Connie’s final submission to Arnold is not a moral lesson but an image of spiritual paralysis: a point where the desire for purpose collides with the collapse of all meaningful frameworks. In this light, the title’s questions—“Where are you going, where have you been?”—do not guide Connie toward clarity. They expose that, for her and perhaps for many in her generation, direction itself has already been lost. The story leaves us not with an answer but with the unsettling possibility that some questions about meaning and belonging cannot be resolved within the limited “religions” of pop culture and social validation.


References

Cougill, J. N. (2019). Vice and virtue: Joyce Carol Oates’s collection Where Are You Going, Where Have You Been? Stories of Young America as a morality manual for adolescents [Unpublished master’s thesis]. Southeast Missouri State University.

Kafka, F. (1998). The trial (B. Mitchell, Trans.).

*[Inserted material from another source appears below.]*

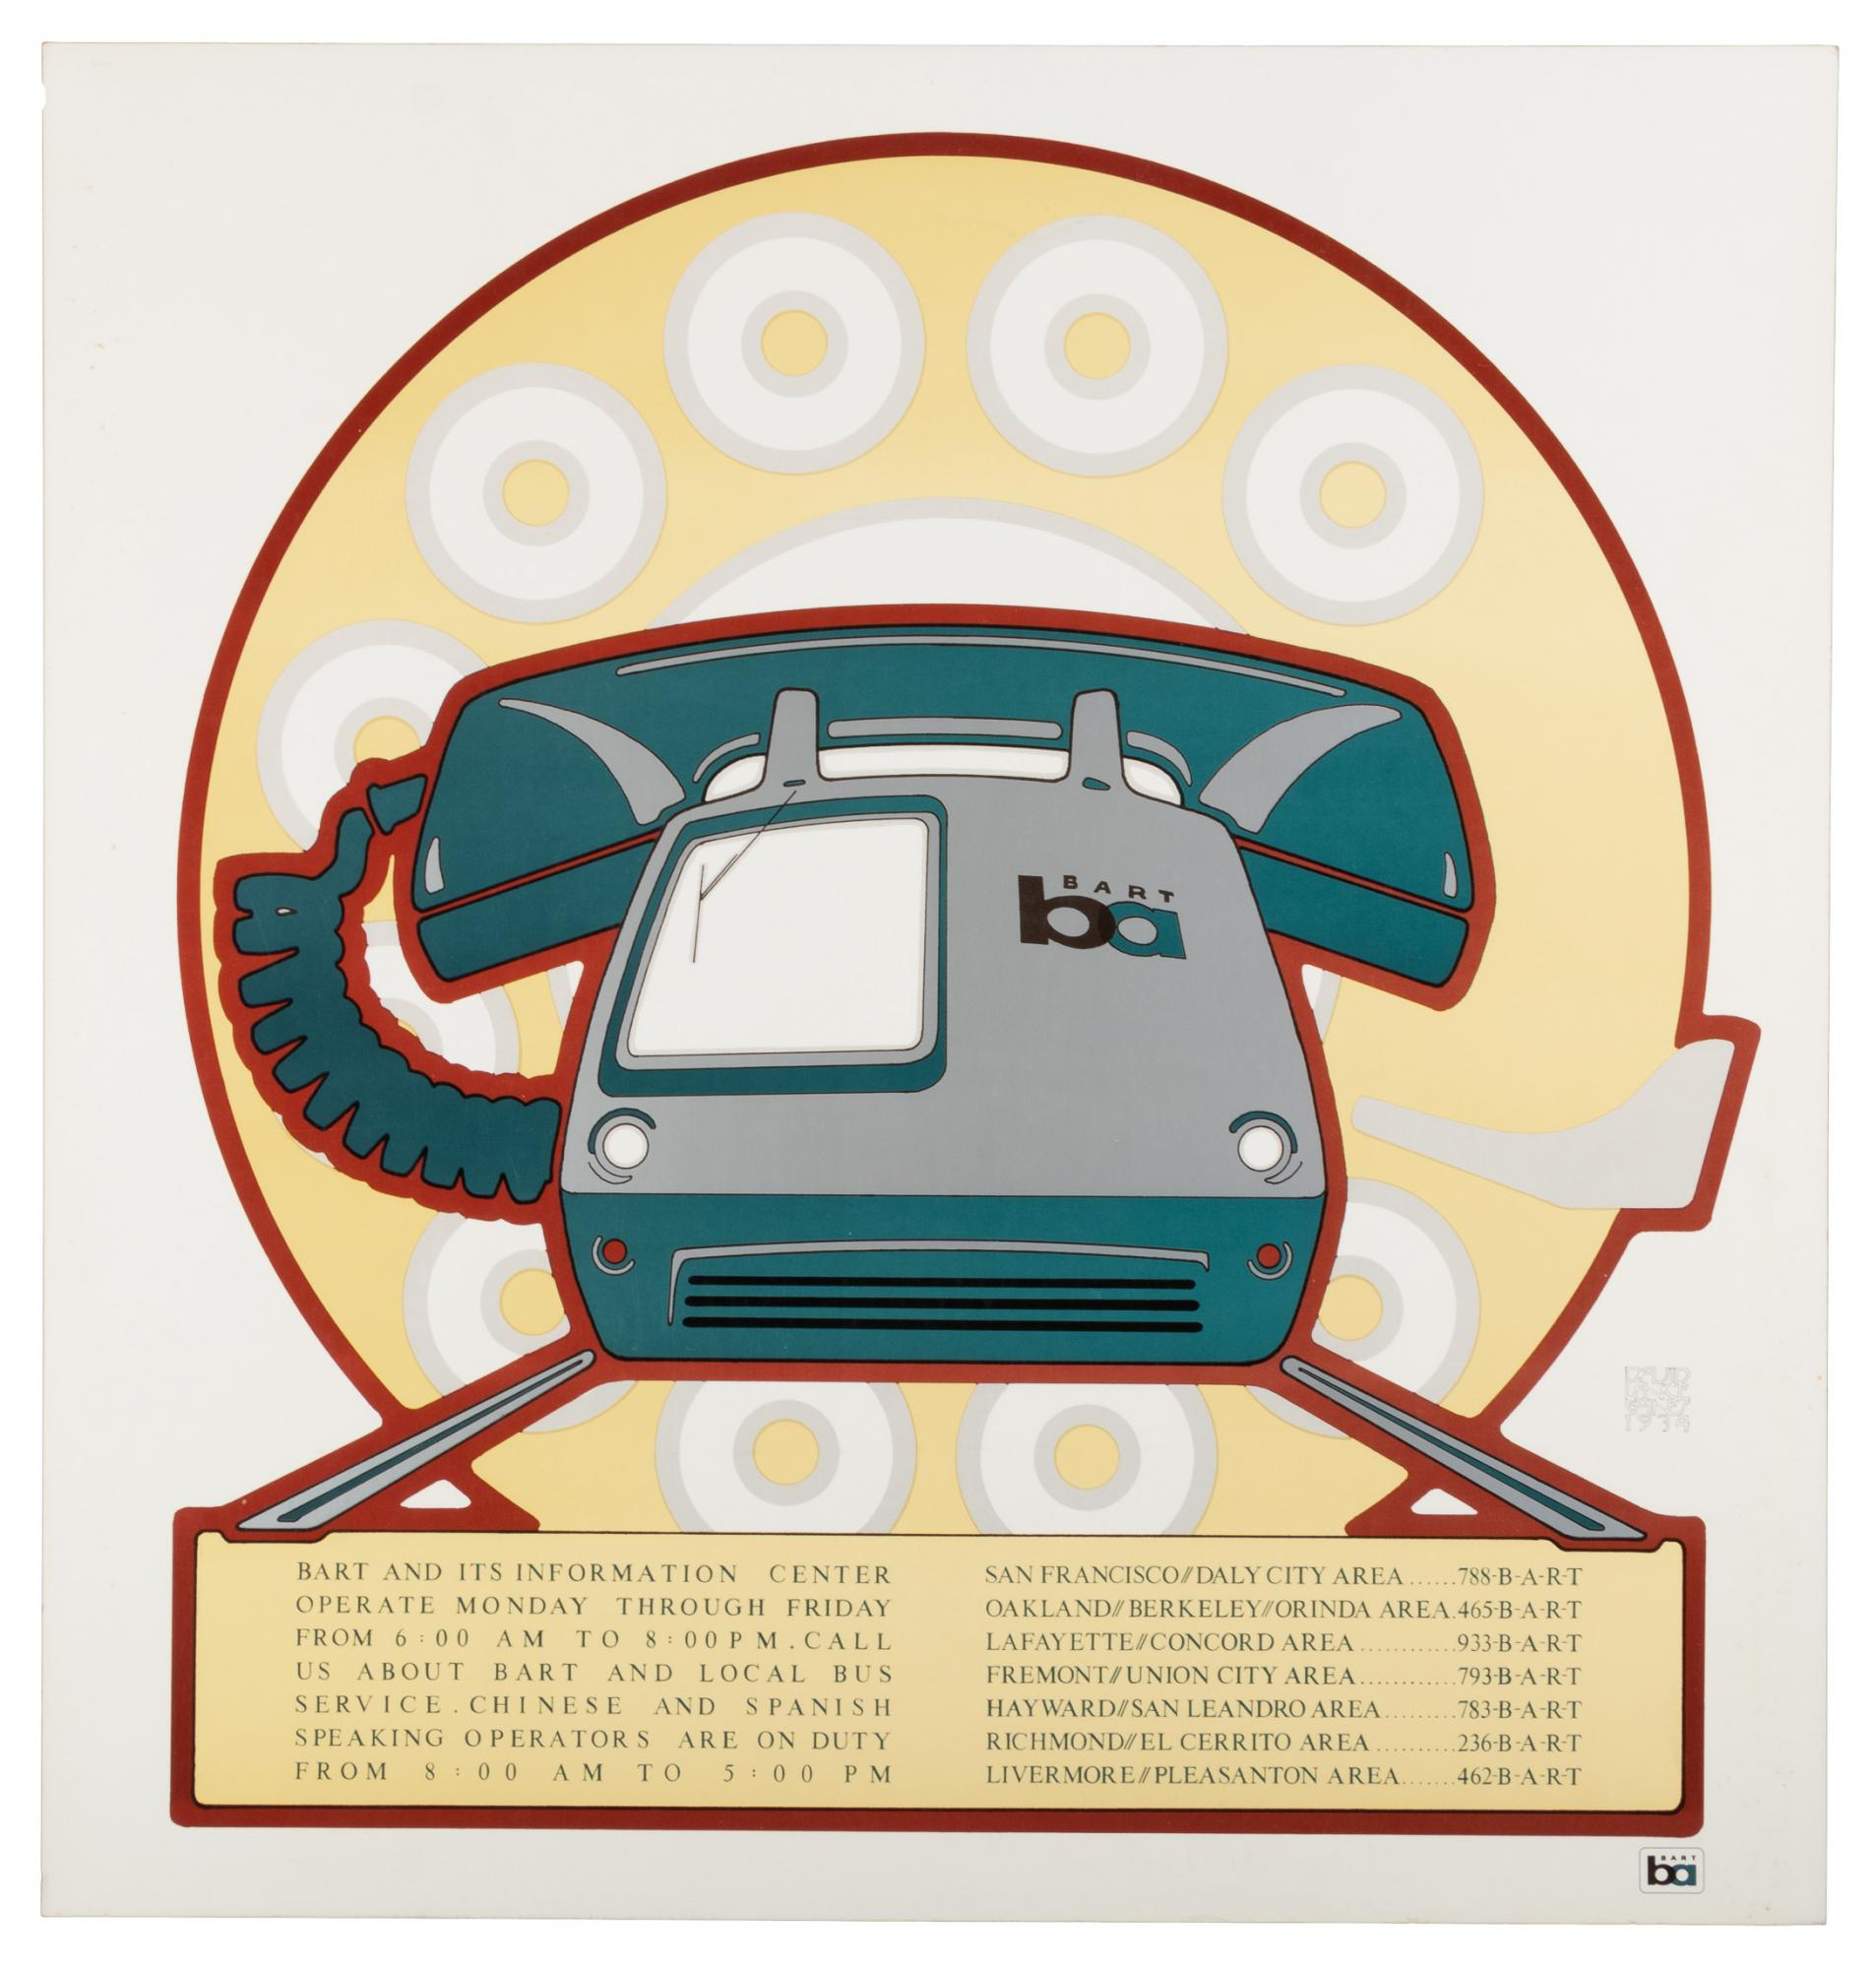 David Lance Goines' BART poster

Schocken Books. (Original work published 1925)

Kierkegaard, S. (1985). Fear and trembling (A. Hannay, Trans.). Penguin Books. (Original work published 1843)

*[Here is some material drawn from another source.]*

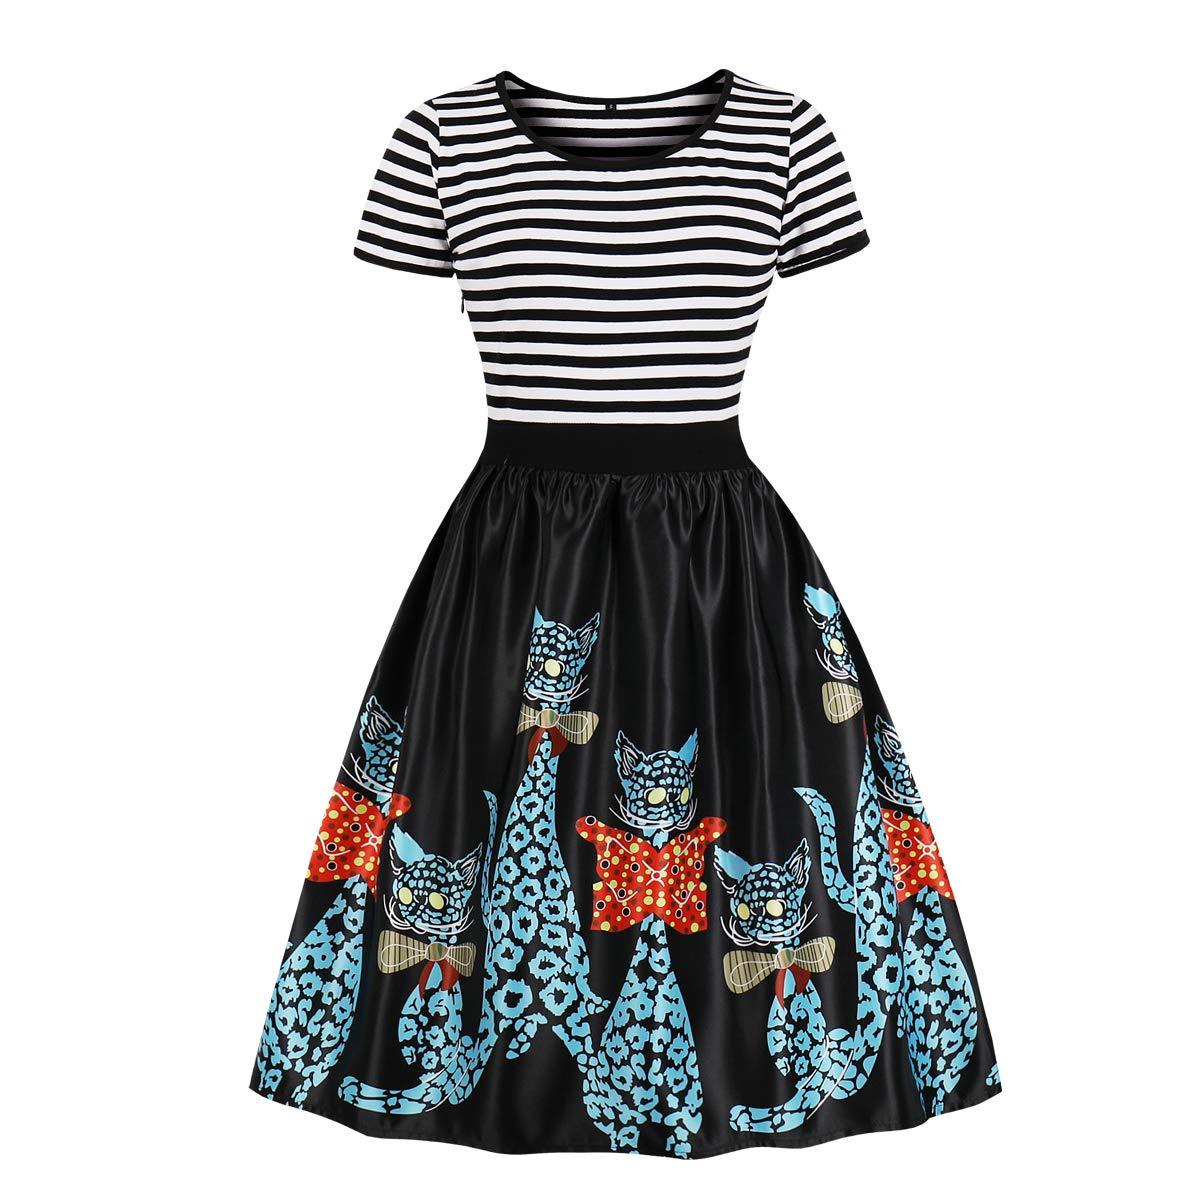 Wellwits Women's Sailor Striped Top Cats Print Tea Party Vintage Swing Dress 4XL

Knudsen, J. (1994). [Review of the short story “Where Are You Going, Where Have You Been?”, by J.C. Oates]. World Literature Today, 68(2), 369–370. https://doi.org/10.2307/40150226

Kohl, M. (2019). Kafka on the loss of purpose and the illusion of freedom. The Polish Journal of Aesthetics, 53(2), 69–90. https://doi.org/10.19205/53.19.4

Maslow, A. H. (1943). A theory of human motivation. Psychological Review, 50(4), 370–396. https://doi.org/10.1037/h0054346

Oates, J. C. (1973). Kafka’s paradise. The Hudson Review, 26(4), 623–646.

Oates, J. C. (2005). Where Are You Going, Where Have You Been? In R. S. Gwynn (Ed.), Fiction: A pocket anthology (4th ed., pp. 373–388). Pearson Longman. (Original work published 1966).